La loi prévoit (art. 82) que les parties peuvent se mettre d’accord sur la durée du préavis, une fois que le licenciement est notifié. Dès que le travailleur est licencié, l’on présume en effet qu’il a retrouvé sa liberté de négociation. Il peut, sur un pied d’égalité, convenir d’une durée de préavis avec son employeur à ce moment. Toute convention conclue avant le congé est nulle. Il en va de même des accords qui règlent collectivement la durée des préavis s’ils interviennent avant la notification des congés de chacun des travailleurs visés.

Selon le texte de l’article 82, § 3, le processus conventionnel comporte deux phases :

- La notification du congé, la convention ne pouvant être conclue avant que le congé soit donné.

- L’accord donné par le travailleur sur la durée du préavis.

La convention relative au préavis n’est subordonnée au respect d’aucune forme. Elle se forme dès que l’employé marque son accord sur la durée du préavis fixée par l’employeur.

Toutefois, il incombe à l’employeur d’apporter la preuve de cet accord. Celui-ci doit être certain et non équivoque.

La validité de la convention sur préavis est liée à la notification préalable du congé. Il en résulte que toute convention conclue avant que le congé soit donné est frappée de nullité, et ce même si la convention respecte le délai de préavis minimum légal.

A défaut d’accord de l’employé, le rôle du juge consistera à apprécier la conformité du préavis notifié par l’employeur au préavis requis, appelé préavis convenable, afin de déterminer le droit de l’employé à une indemnité complémentaire de préavis qui compensera l’insuffisance du préavis notifié.

Dans ce cadre de la négociation, il peut arriver que les parties conviennent d’un préavis inférieur au minimum légal (voire même pas de préavis). Si le travailleur s’inscrit ensuite au

chômage, l’ONEm refusera cependant le bénéfice des allocations de chômage pendant la période couverte par le préavis minimum.

Notons enfin que dans le cas d’employés ayant une rémunération annuelle très élevée (soit plus de 60.654 € en 2010) une convention sur préavis peut être fixée à l’engagement. Il s’agit d’une dérogation exceptionnelle. Cette exception au mécanisme légal doit toutefois respecter le minimum obligatoire (3 mois par tranche de 5 ans d’ancienneté entamée).
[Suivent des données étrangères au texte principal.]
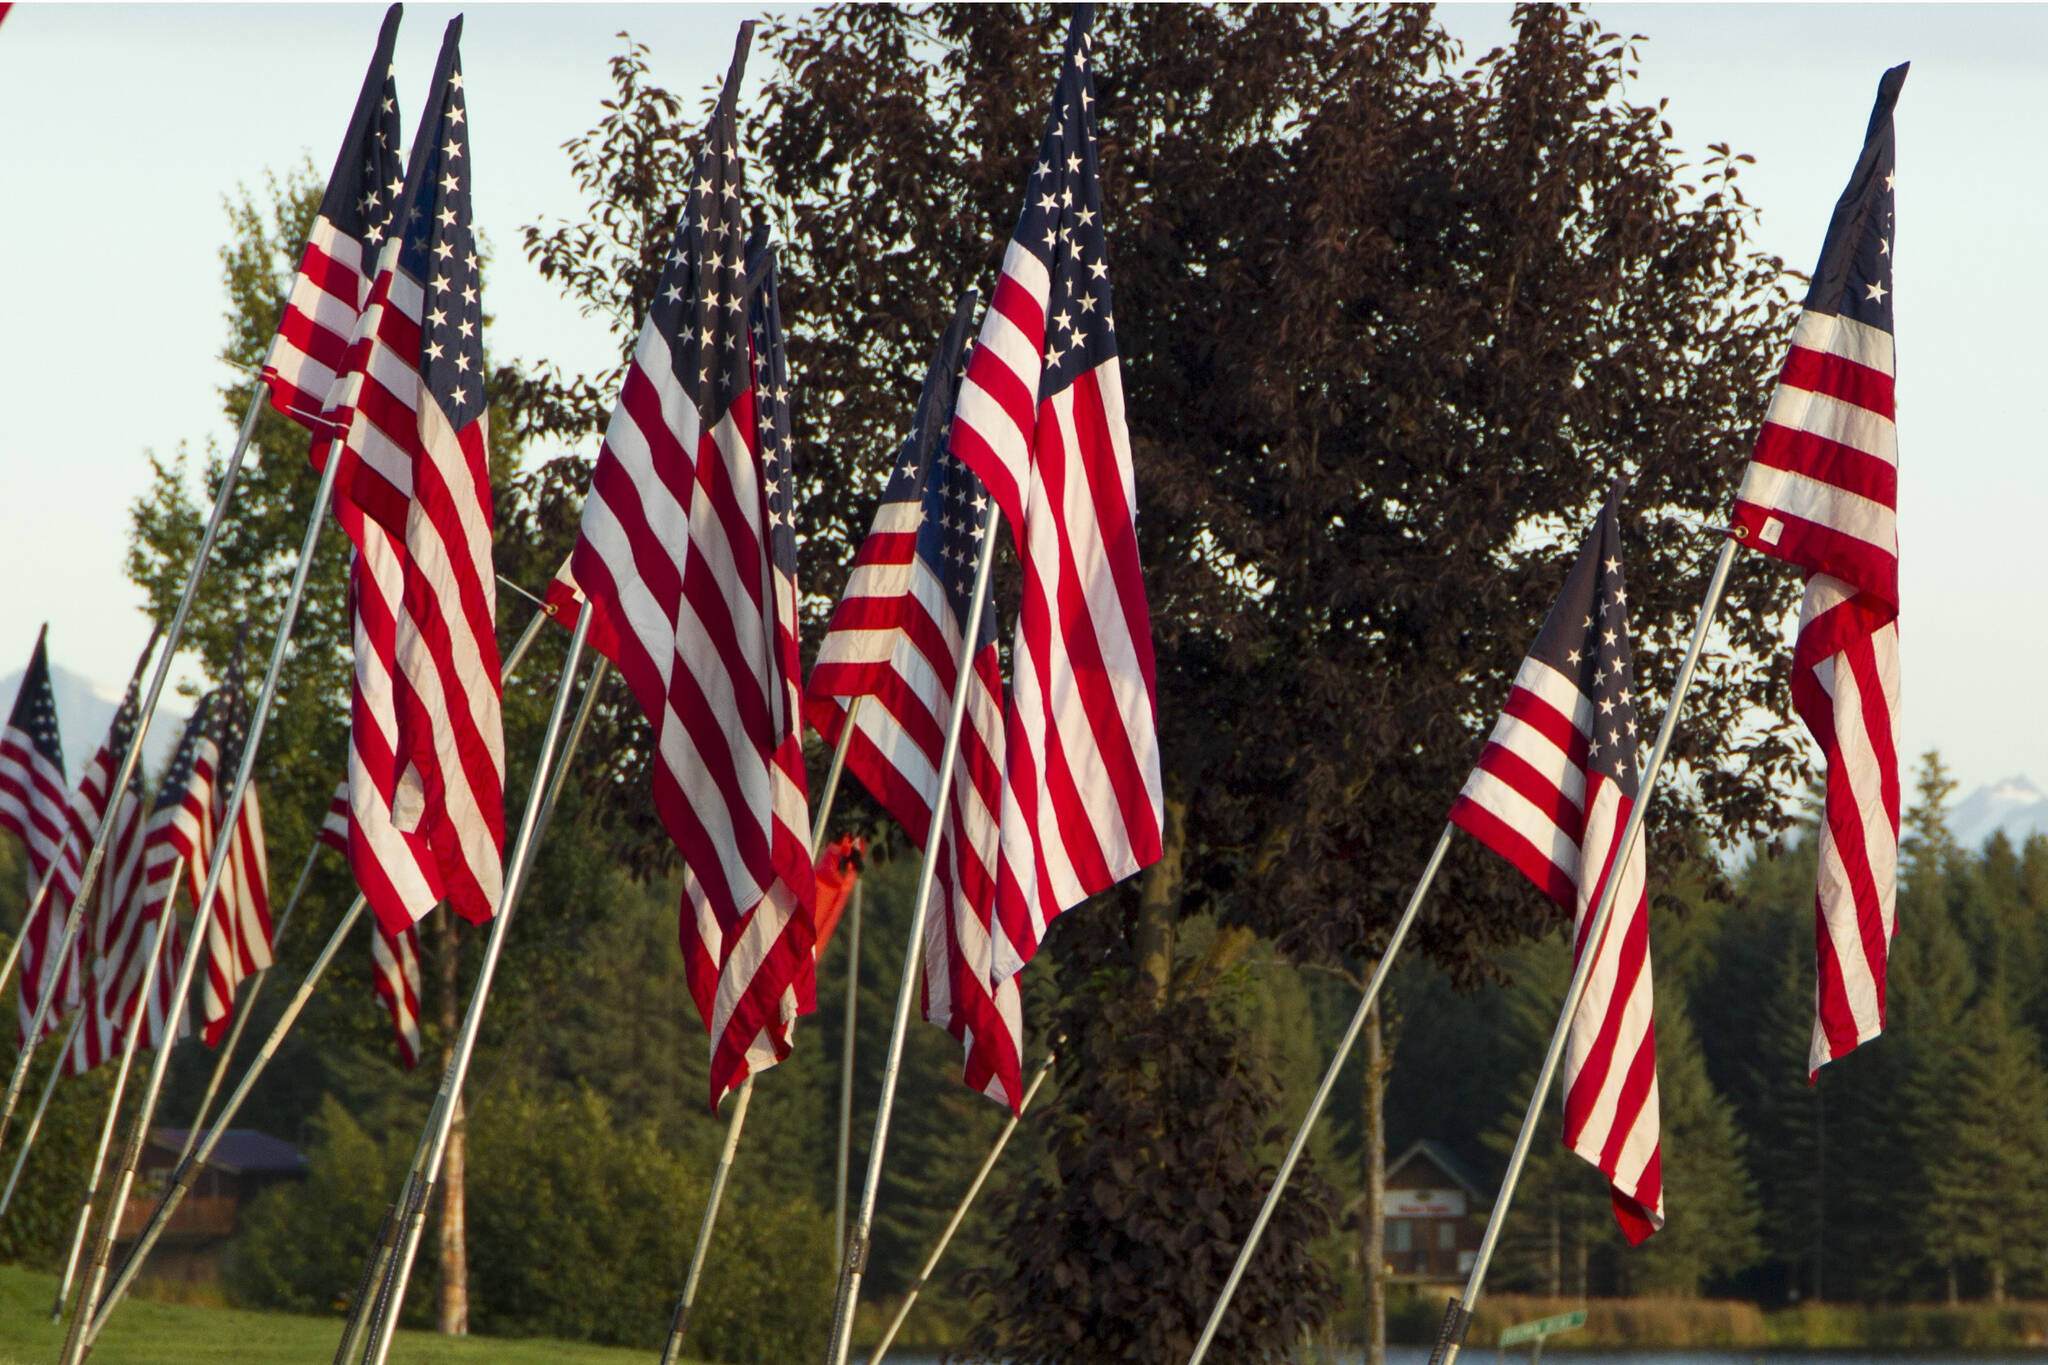 The Homer-Kachemak Bay Rotary and American Legion Post 16 placed flags in honor of the 2,996 people killed in the four terrorist attacks on Sept. 11, 2001, and the 13 service members killed in Afghanistan on Aug. 26, 2021. (Photo by Sarah Knapp/Homer News)

4.2.2.3. A défaut d’accord et en cas de contestation du travailleur : recours au Juge

A défaut d’accord des parties sur la durée du préavis, c’est le Juge qui tranche. Il utilisera les critères rappelés ci-dessus et n’est pas lié par les grilles.

S’il constate que le préavis notifié par l’employeur est insuffisant, celui-ci sera redevable d’une indemnité compensatoire de préavis, couvrant la période supplémentaire allouée par le Juge.